NEW DELHI: Actor Bela Bose, whose flowing dance moves left a fond and indelible impression among Hindi movie buffs in the 1960s and 1970s, passed away in Mumbai on Monday. She was 81, reports Avijit Ghosh.
Devar, Cha Cha Cha, CID 909, Shikar and Jai Santoshi Maa are among her well-known films. At a time when a song lensed in a night club was almost mandatory for any city-based Hindi film, Bose belonged to a select group of dancers, headed by Helen, who brought glamour and sizzle on celluloid.
One of her finest performances came in tandem with Madhumati, another first-rate dancer, in the brilliantly choreographed, Hai nazar ka ishara, in Raj Khosla's suspense thriller, Anita (1967). The two matched each other step for step. "You must have a quick 'pick-up sense,"' the ability to grasp any move as per the choreographer's instruction, she once told compere Tabassum in a television interview.

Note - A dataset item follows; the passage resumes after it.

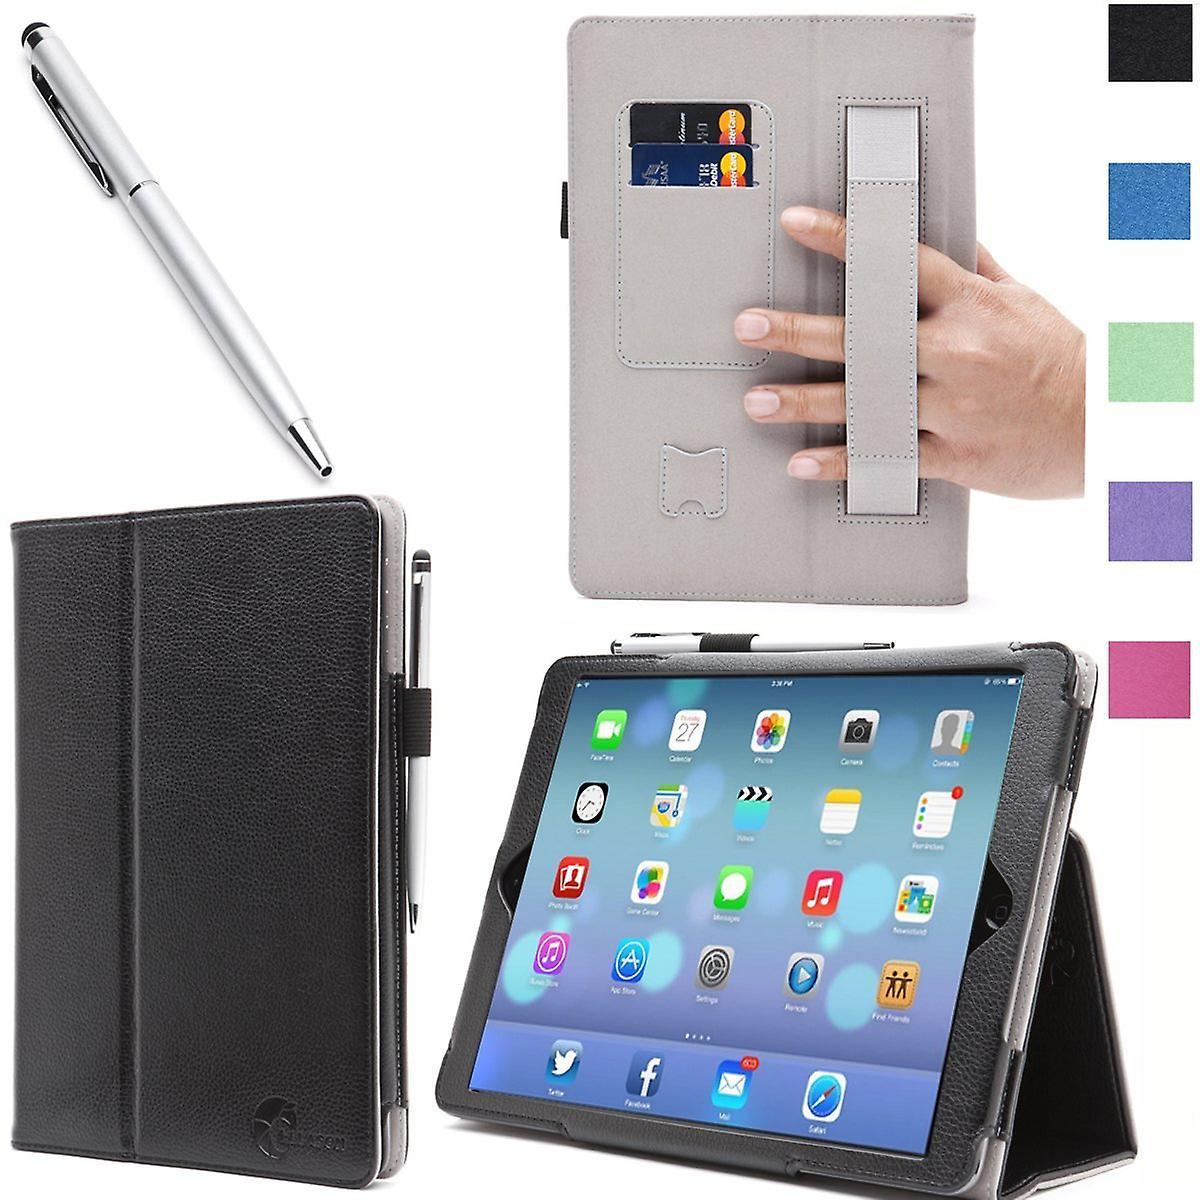 iPad Mini with Retina Display Case, i-Blason, iPad Mini Leather Case with Bonus Stylus-Black

When only 12, Calcutta-born Bose lost her father, a clothes businessman, in a car accident. The family had just shifted to Bombay a few years ago. Her mother worked as a nurse and Bose joined the film industry as a group dancer.
"I was spotted by director Naresh Saigal and given my first solo dance in Main Nashe Mein Hoon (1959)," she told Tabassum. The film starring
Raj Kapoor and
Mala Sinha was a major hit and spurred a fruitful career that spanned over two decades. Bose had married prominent hero of devotionals, Ashish Kumar (of Jai Santoshi Maa fame) and had become Bela Sengupta. She had also played a negative character in the 1975 blockbuster which had turned theatres into temporary temples.